Records
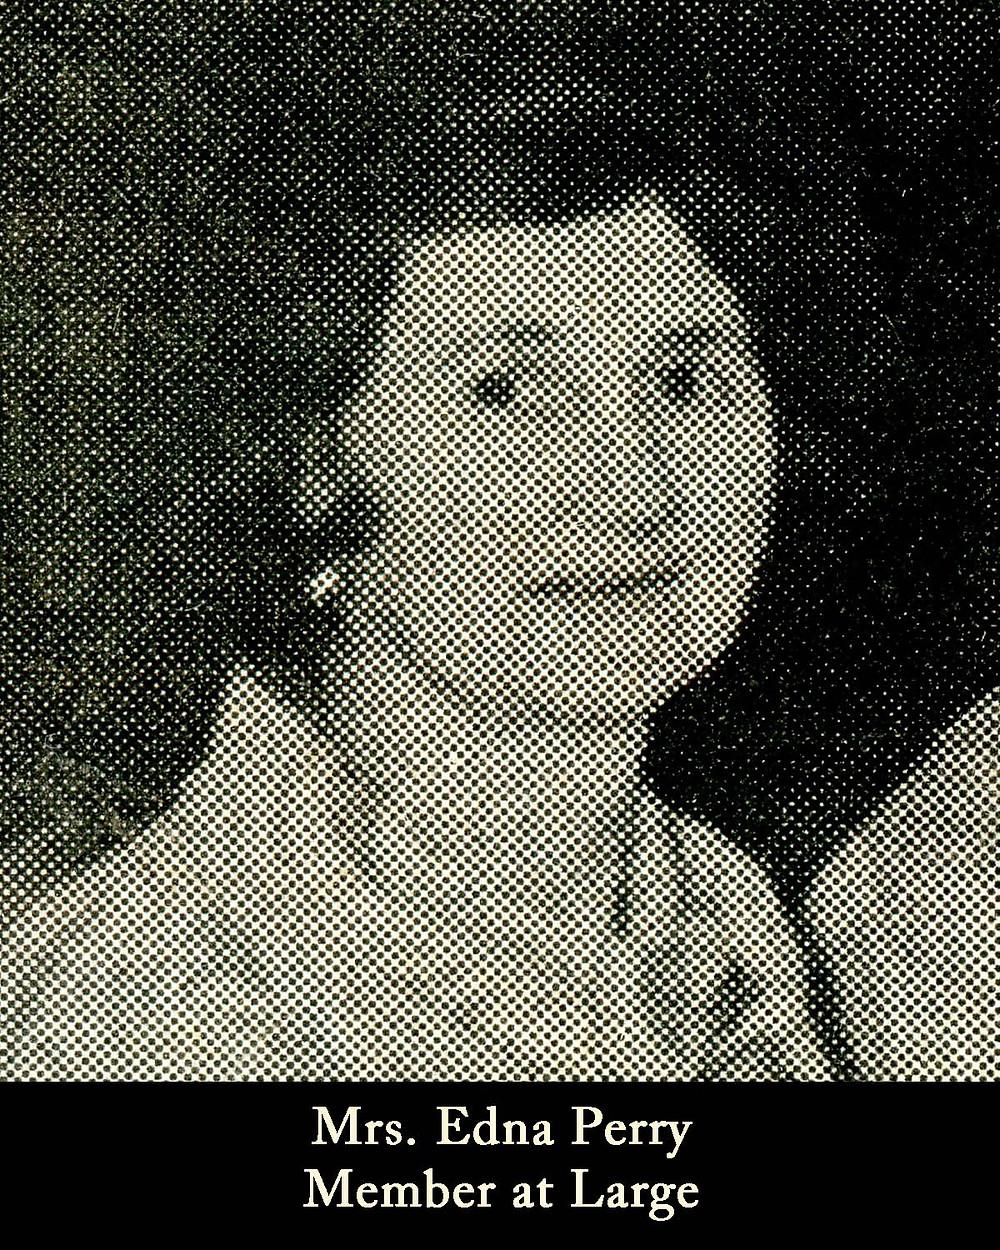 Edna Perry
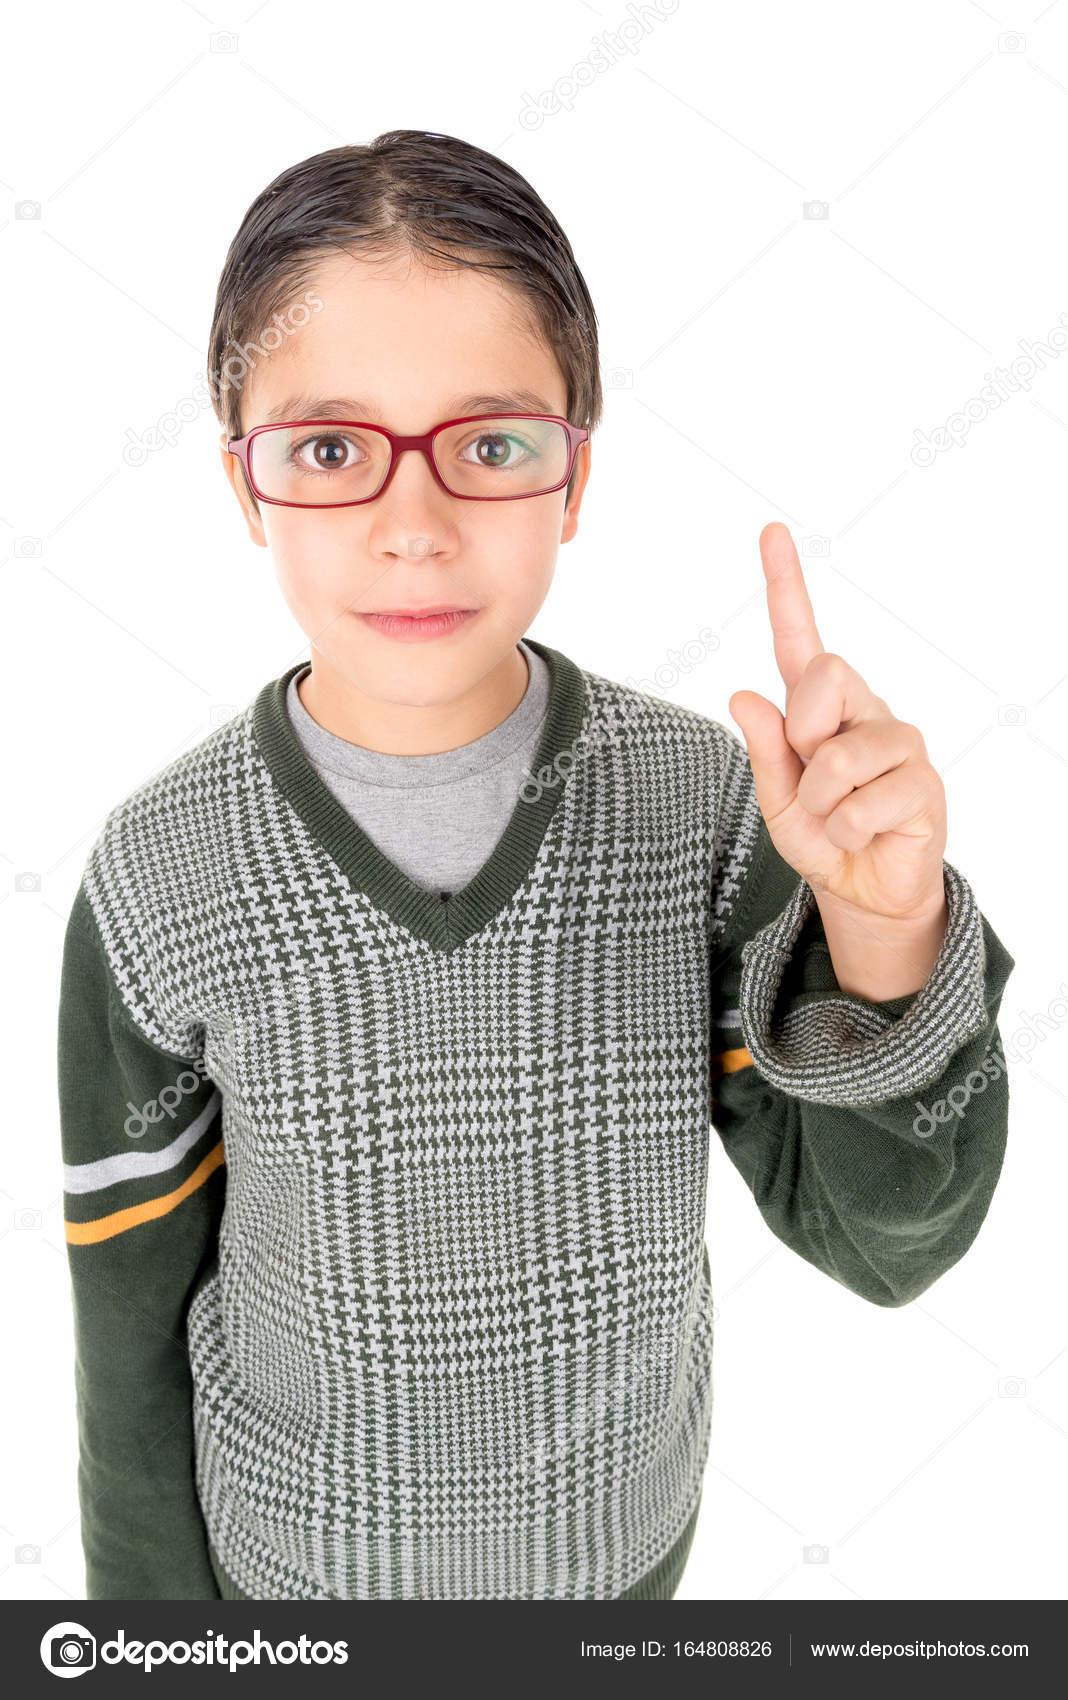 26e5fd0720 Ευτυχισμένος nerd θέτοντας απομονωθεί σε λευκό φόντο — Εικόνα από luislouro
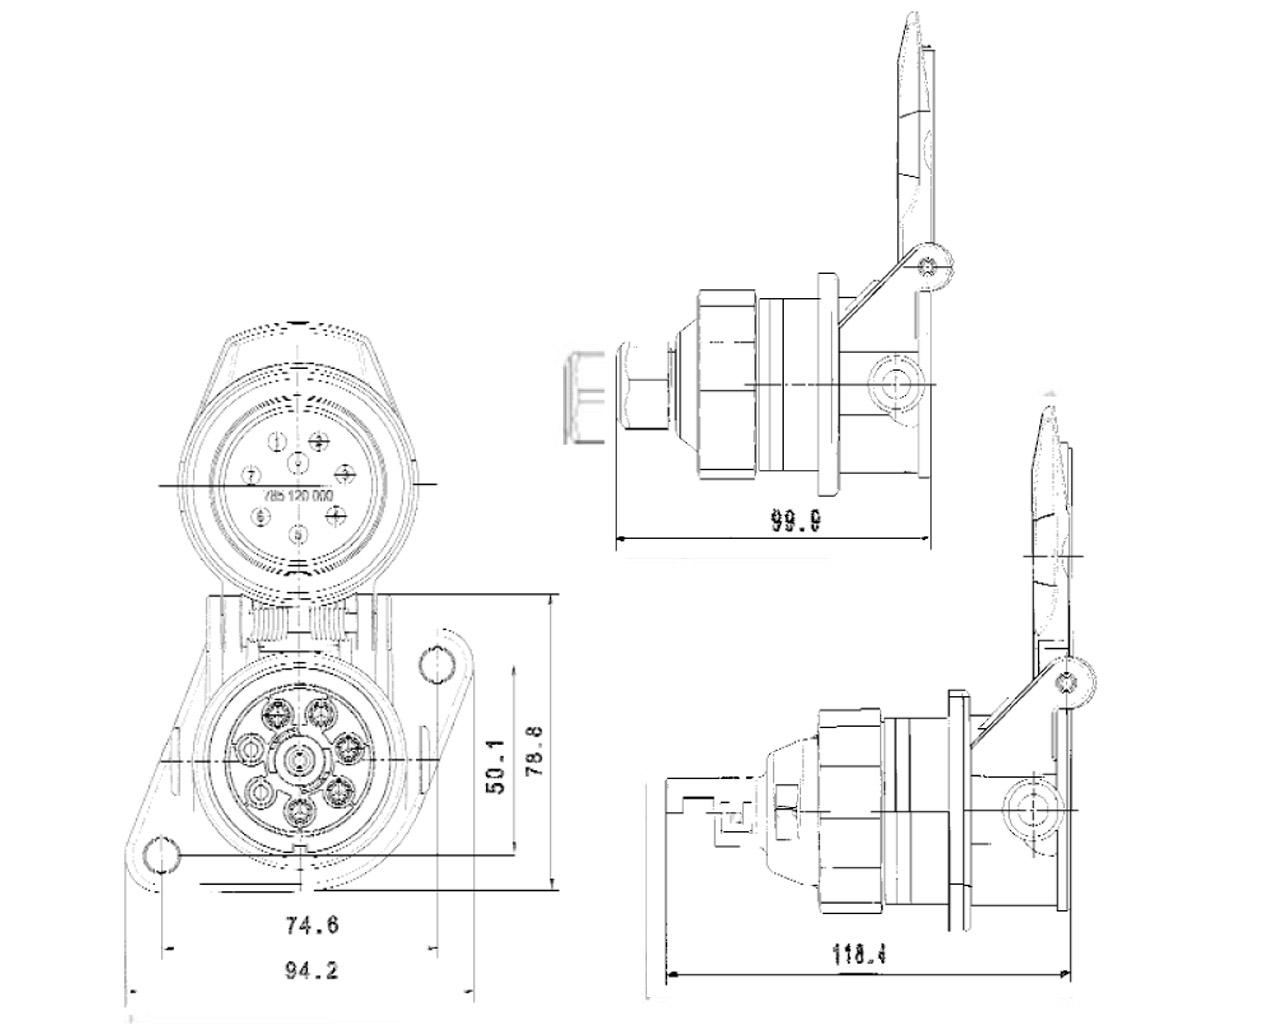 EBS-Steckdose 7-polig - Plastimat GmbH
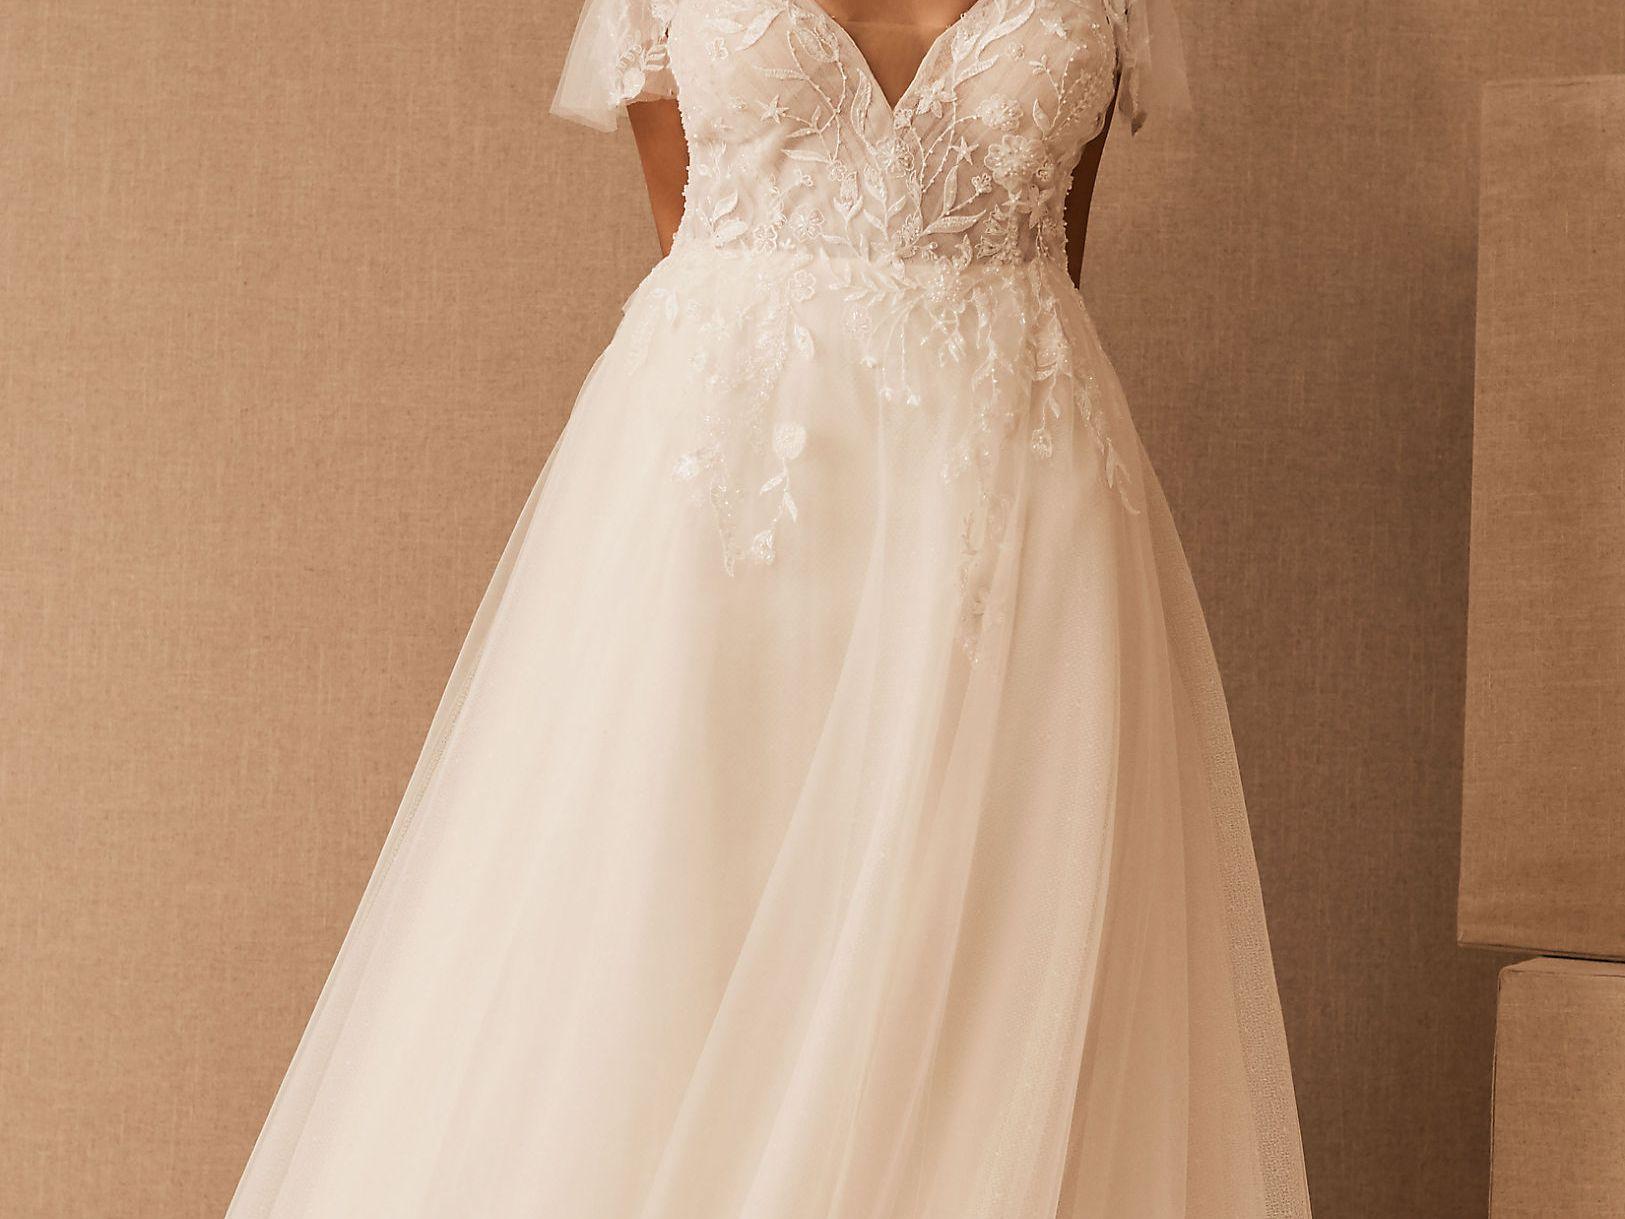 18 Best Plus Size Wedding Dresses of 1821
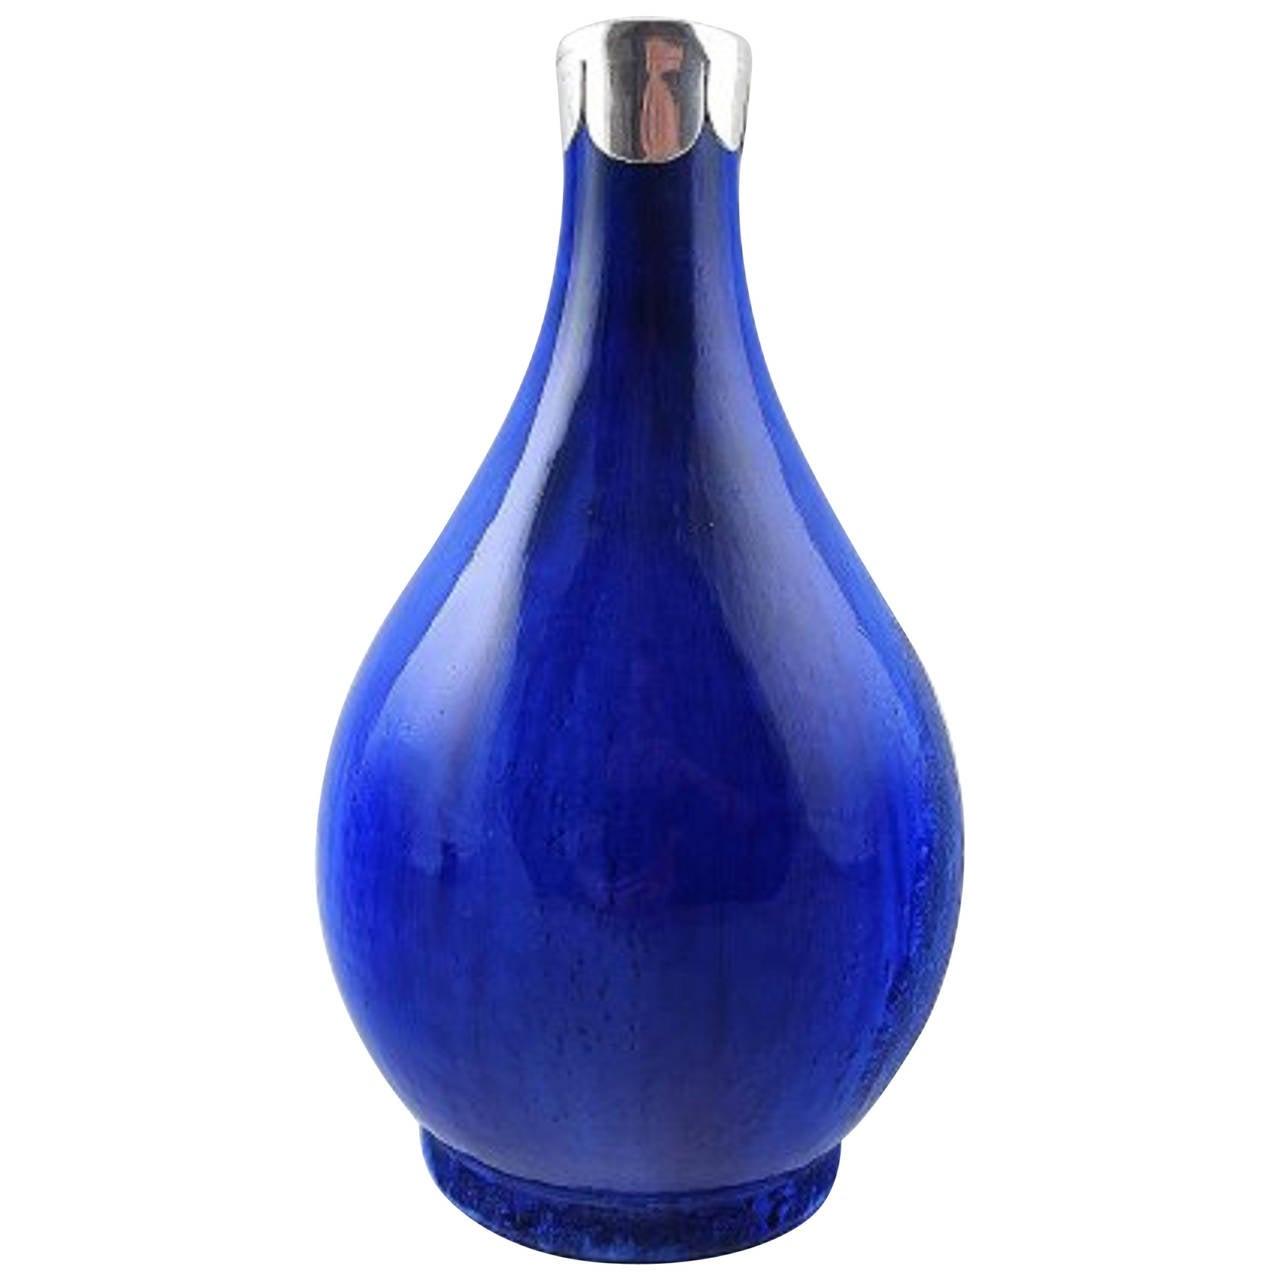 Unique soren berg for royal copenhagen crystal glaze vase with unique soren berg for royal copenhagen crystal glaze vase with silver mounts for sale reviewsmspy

Task description
Leave the images out. Set down all of the material above exactly.

Answer box
 Edna Perry
 26e5fd0720 Ευτυχισμένος nerd θέτοντας απομονωθεί σε λευκό φόντο — Εικόνα από luislouro
 EBS-Steckdose 7-polig - Plastimat GmbH
 18 Best Plus Size Wedding Dresses of 1821
 Unique soren berg for royal copenhagen crystal glaze vase with unique soren berg for royal copenhagen crystal glaze vase with silver mounts for sale reviewsmspy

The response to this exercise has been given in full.